On more than one occasion, Doctor tells the people that previous unexplained deaths are due to the poisoned water: “Last year, there were people who died from a disease that spread through the town, and I am certain that the cause of it was the poisoned water. I told you then, and I tell you now—this water will kill us all.” His decision to talk, he is certain, is the right course of action. “It is my duty to lay bare the facts in the matter. Every conscientious man must support me in this!”
But the system supports only the “moderate.” Dr Stockmann’s own brother, Peter Stockmann, is the mayor of the town. And it is this brother that openly leads the opposition against this doctor, against his discovery of the pollution and against his audacity to tell.
When the state is on your case, it doesn’t rain; it pours. The press soon shuts out our doctor. His editor friends renege on their promise to publish his findings. They claim they can’t offend their funders. The stubborn medical doctor turns to himself. He resolves to speak directly to the people “in a way that they shall understand” and “drive all the wolves out of the country.” There is a town hall meeting where Stockmann proposes to officially announce his findings: “I am telling you the truth! The entire water system is tainted. People are going to die from this. We must close the baths and have them disinfected. We must stop this typhoid epidemic before it spreads further.”
His brother, the Mayor, hijacks the town hall meeting from him. The Mayor addresses the people. He tells them that his brother’s proposal is injurious to everyone in the town. The repairs he proposes will cost ratepayers “an unnecessary expenditure of some thousand pounds.” From the crowd comes a voice suggesting that the doctor be officially declared a public enemy.
Dr Stockmann watches as the townspeople he is fighting for respond with shouts:
“Yes! Yes! He’s an enemy of the people!”
“He hates his country! He hates his own people!”
“We can’t have someone like him in our town!”
Then a motion follows from someone our medical doctor trusts as his key supporter:
“Dr. Stockmann has shown himself to be an enemy of the people. Therefore, I propose that this gathering officially declares him an enemy of the people.” The vote is by ballot; everyone votes.

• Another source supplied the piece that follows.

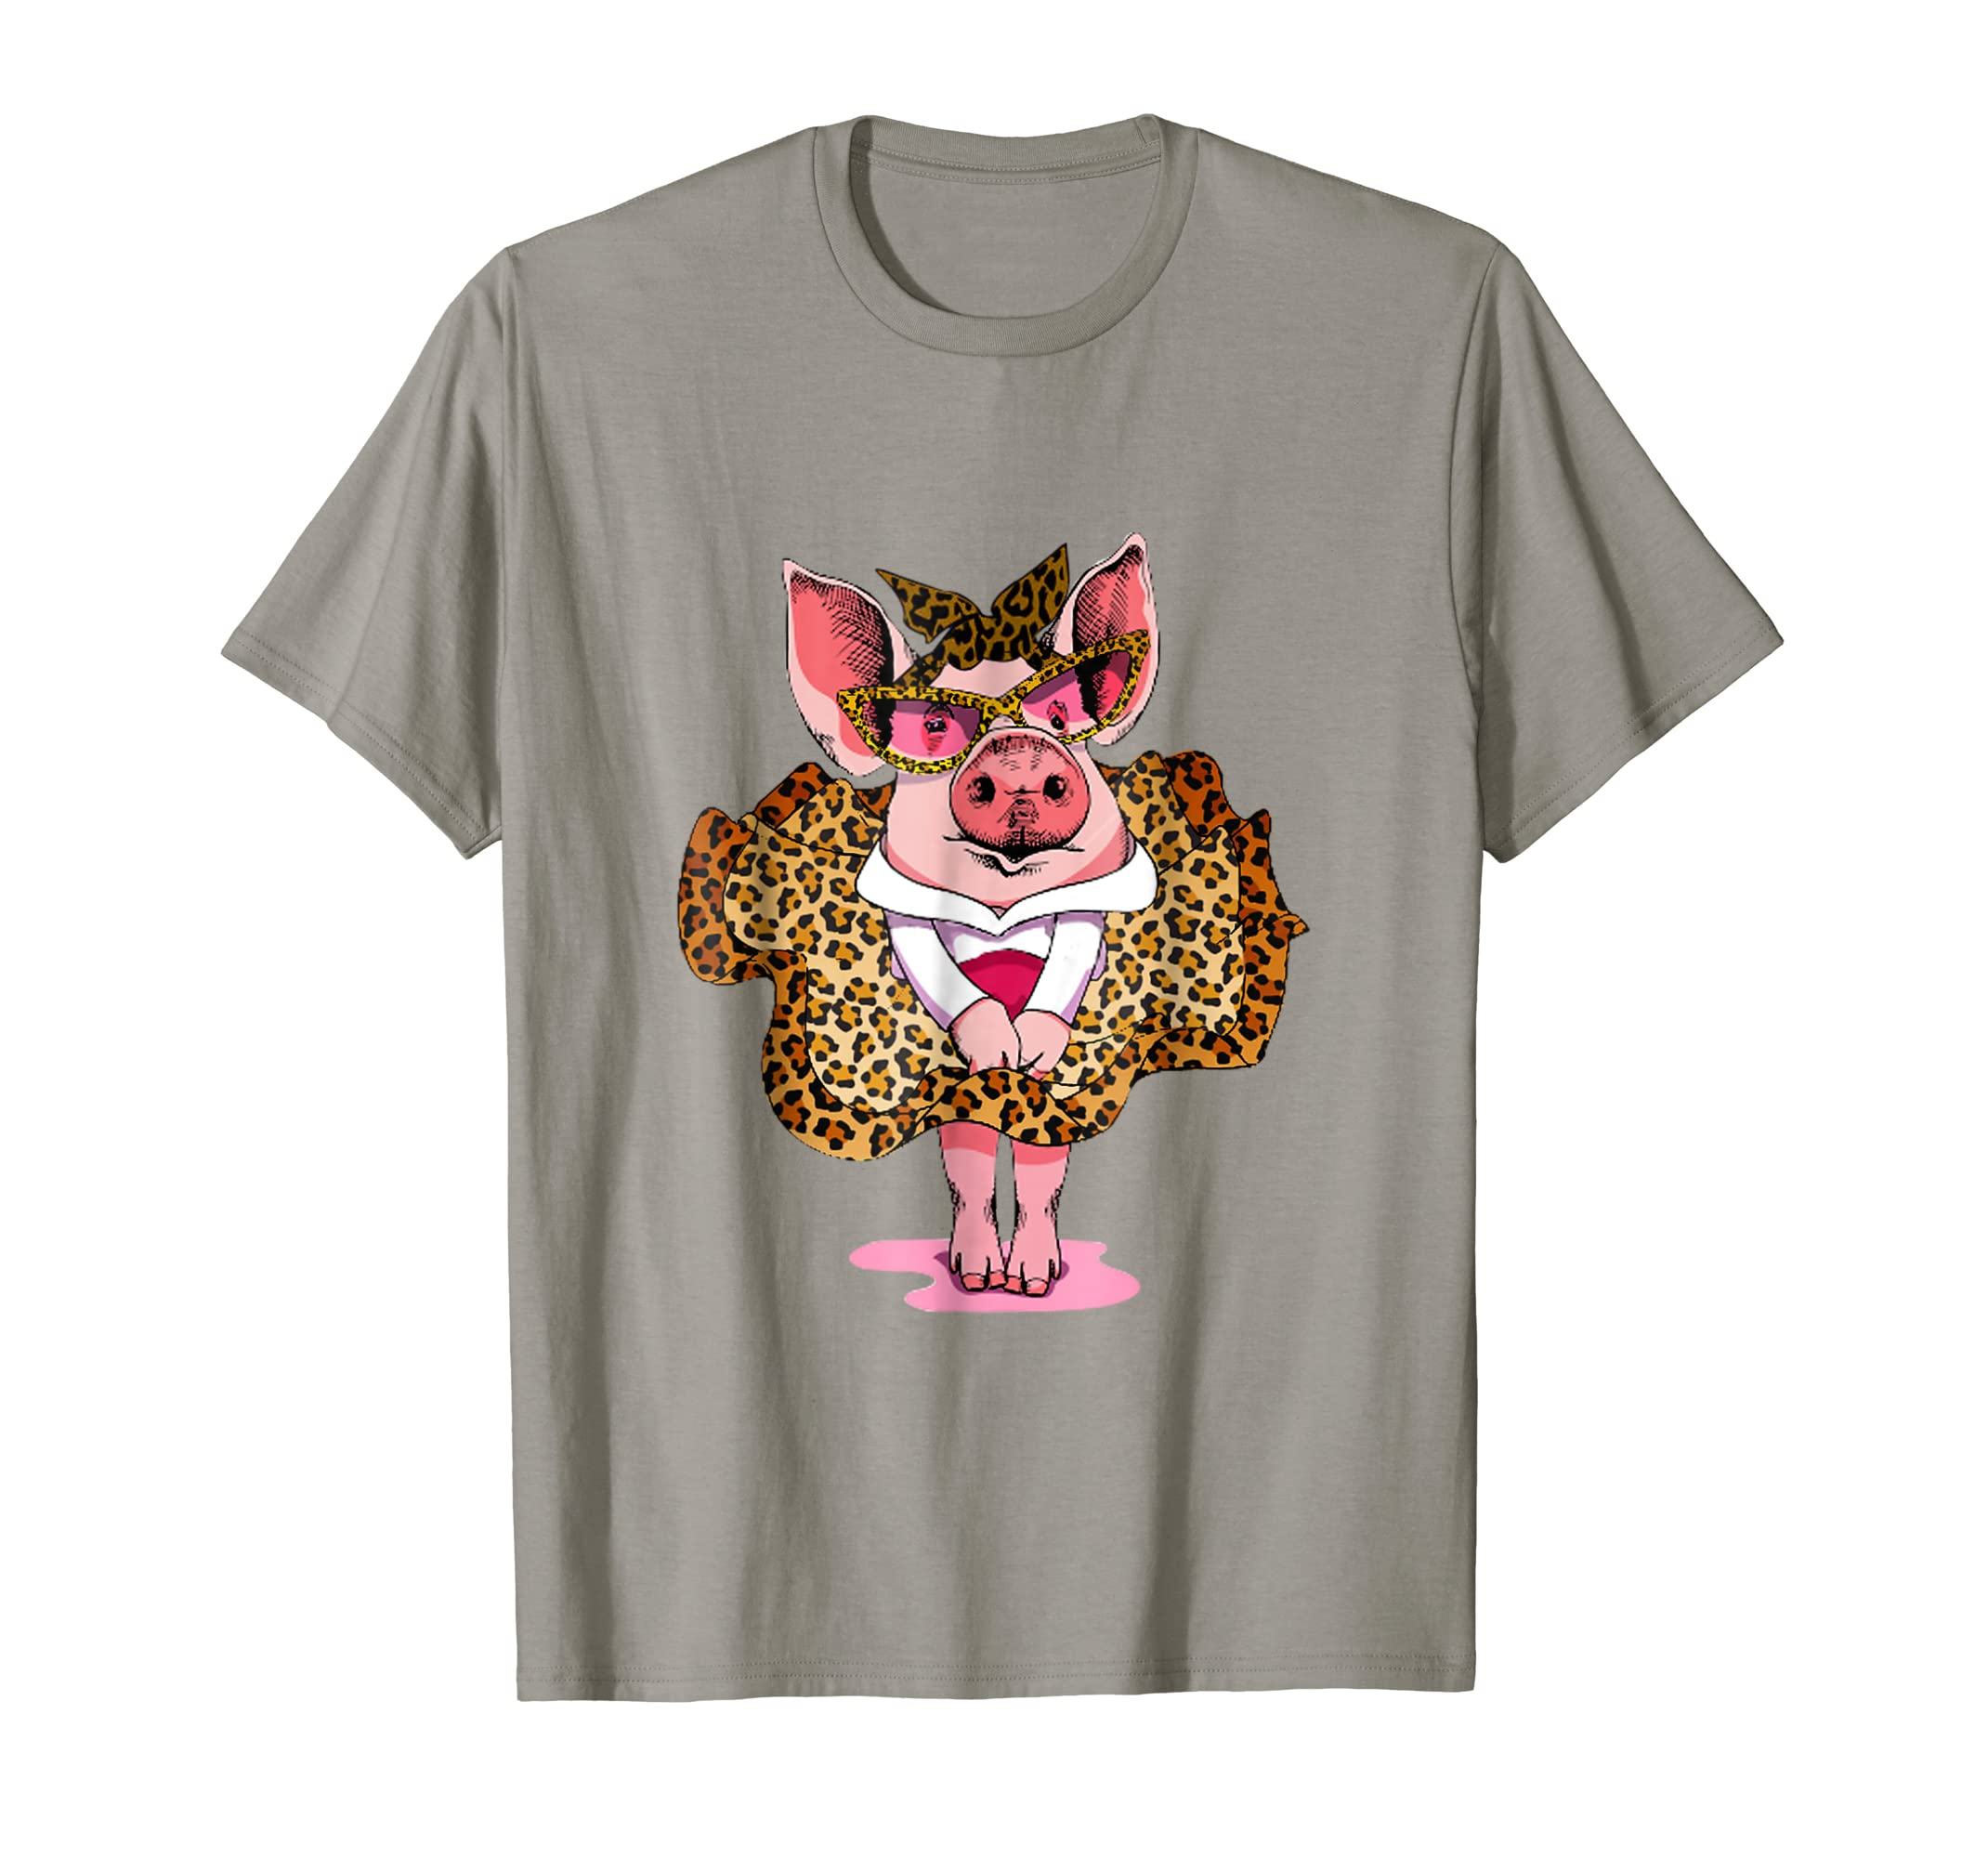 Pink pig bandana leopard and leopard skirt cute t-shirt-AZP

Dr Stockmann gets one vote – the lone vote comes from a drunk attendee, the village drunkard.
Our man is defeated, but the crowd is not satisfied with what they have done to their doctor.
“Let us go and break his windows! Enemy of the people!” The whole crowd yells.

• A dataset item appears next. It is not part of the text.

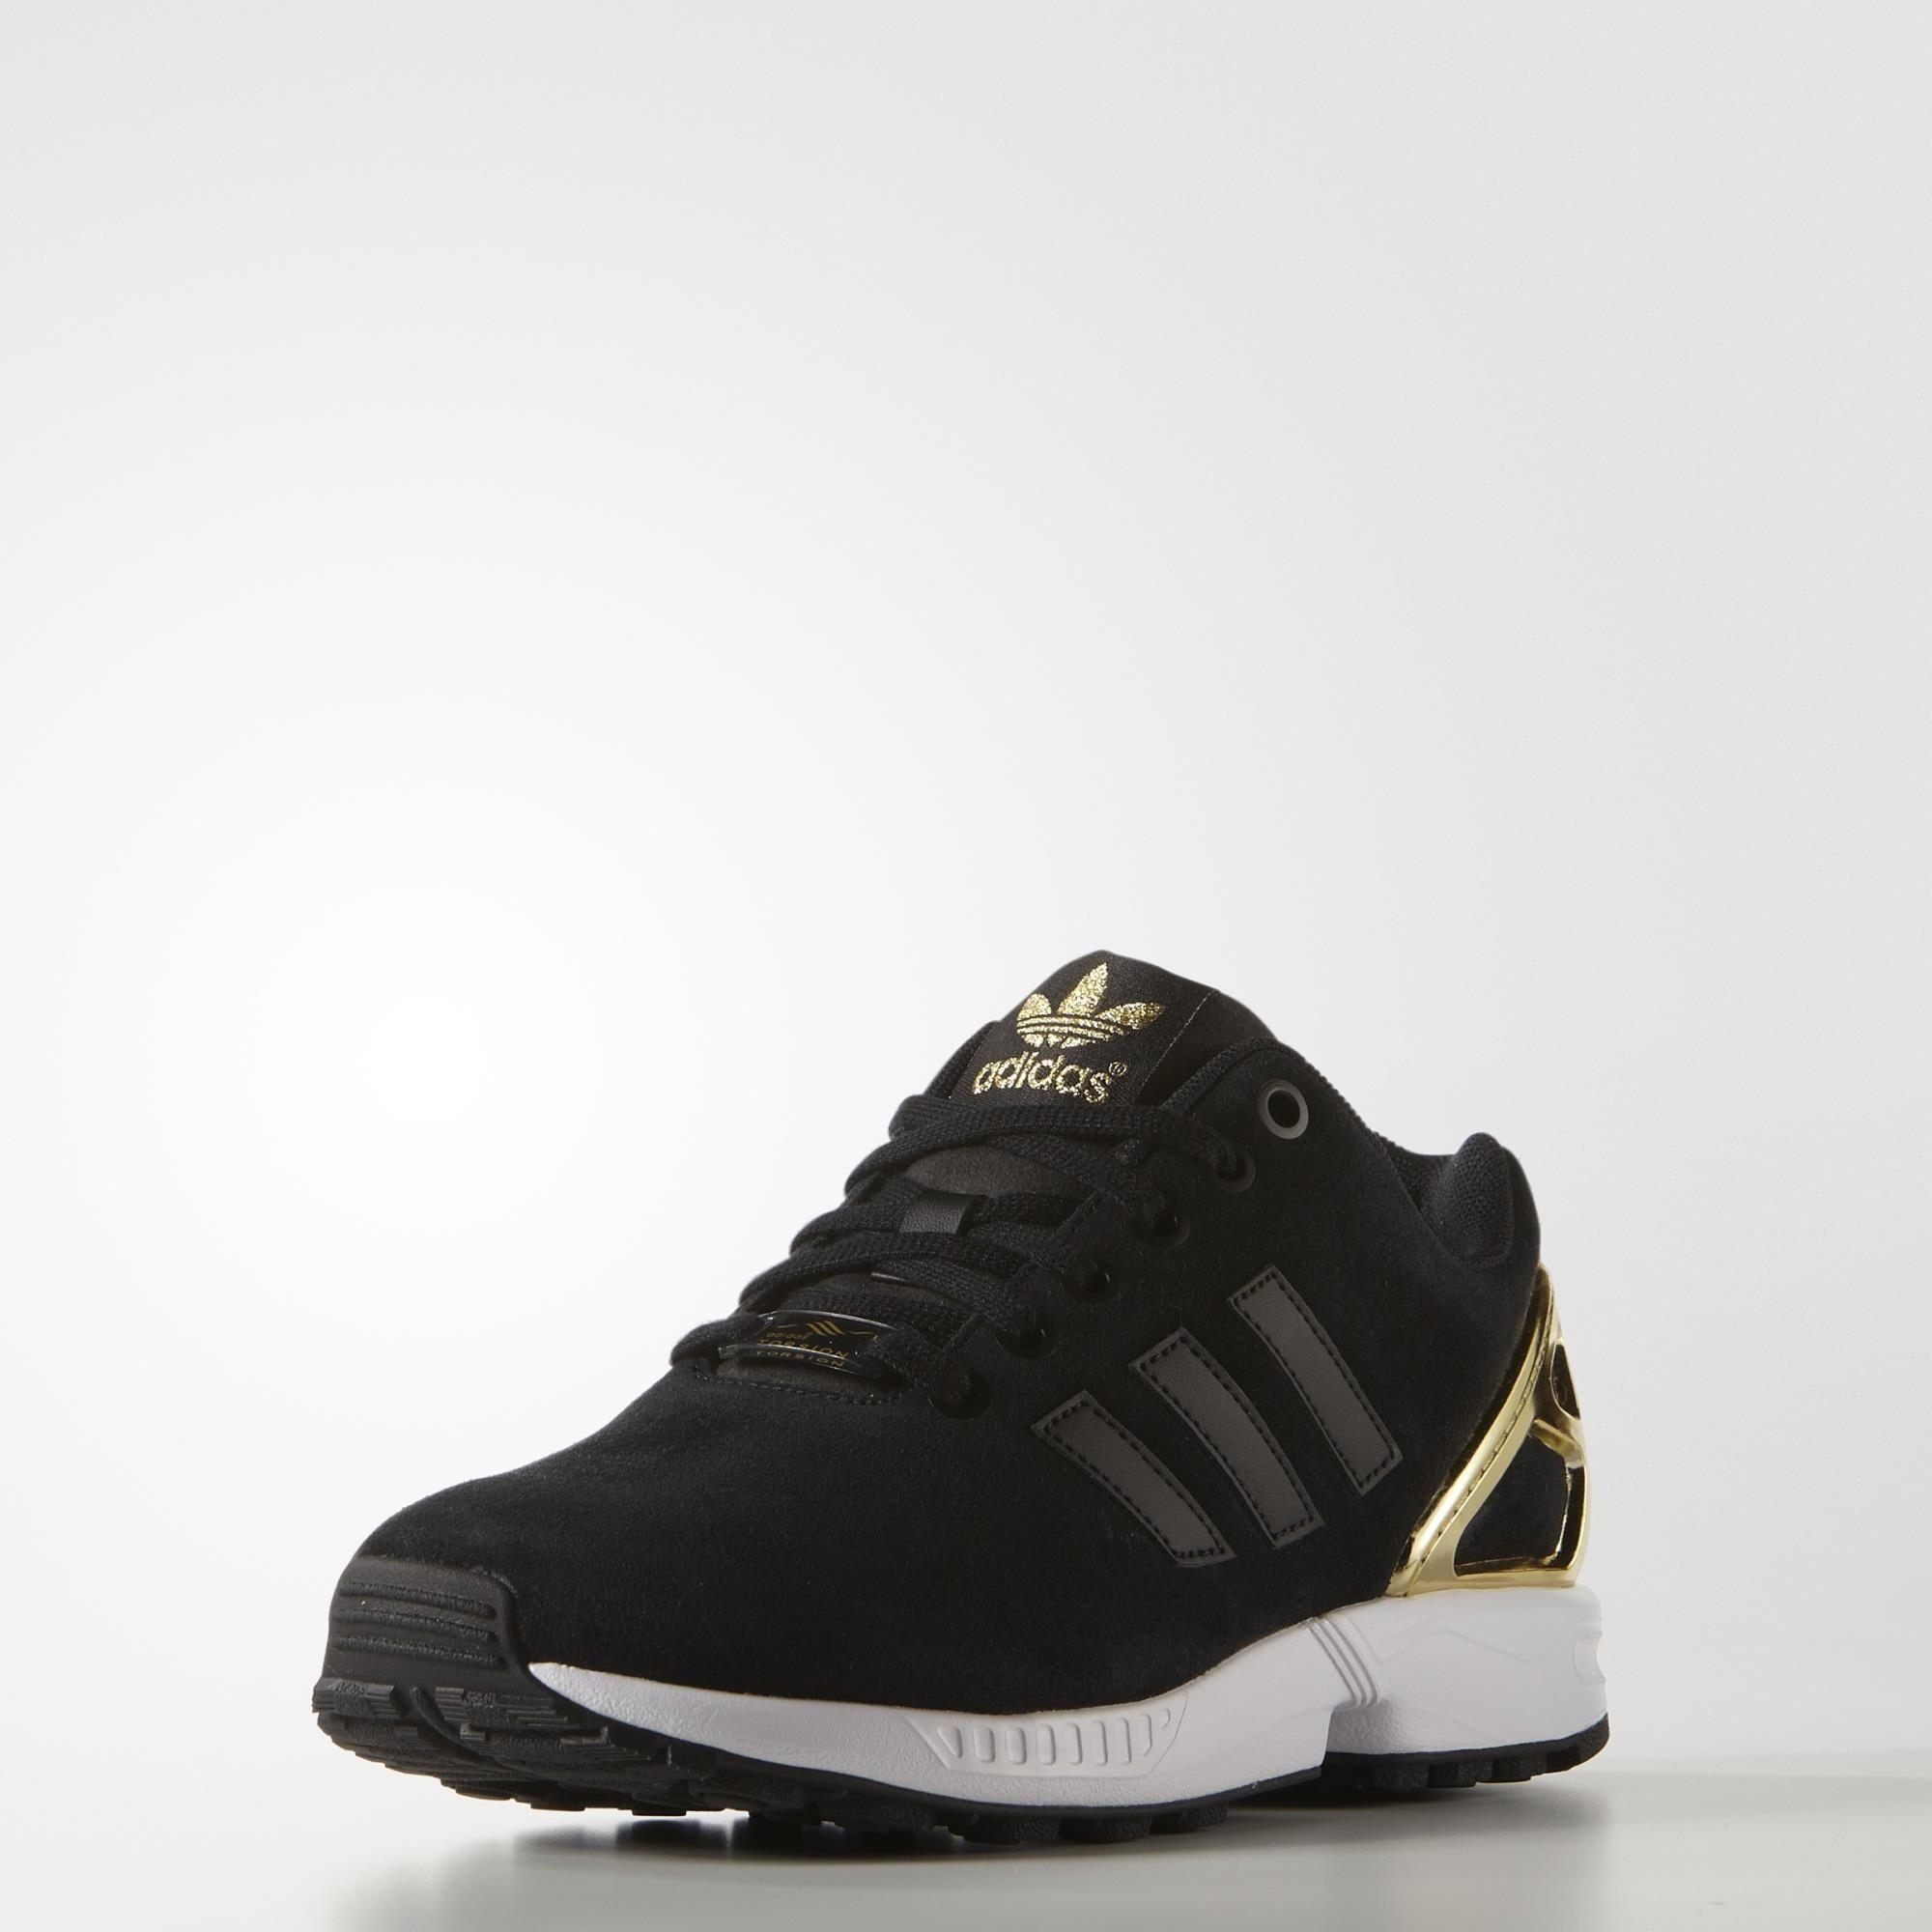 adidas zx flux donna nero e gold

The consequences are grave. He is dismissed from his job. His daughter loses her teaching job; his landlord ejects him; his little boys suffer bullying in school and are told to excuse classes until further notice. Everyone who should help him avoids him. They say they dare not annoy “the majority” and their “public opinion.”
The play ends without a reprieve for “the enemy of the people.” But the man insists that he is the strongest man and that “the strongest man in the world is he who stands most alone.” I think he is naive. That is not what the world is. The one who stands alone stays alone and lonely and without power. Power resides where people stand. The people stand where power is. That explains, perhaps, why Donald Trump is Time Magazine’s ‘Person of the Year’.
We started 2024 eleven and a half months ago bitterly divided over what was truly evil and what was godly. We are ending the year divided still over who is angel and who is Satan. In the next two weeks, it is almost certain that we will roll over into the new year the raging Dele Farotimi vs Afe Babalola war of ‘justice’. There is also the tug of war over whether the tax reform bills potentially threaten or benefit the poor. In those two cases, we will be made to state who our “enemy” is. Unfolding also is the Kemi Badenoch/Yoruba vs Kashim Shettima/Northern Nigeria debate. In 2025, Ibsen’s ‘An Enemy of The People’ will be staged across the entirety of our court and political systems. May God keep us alive – and well.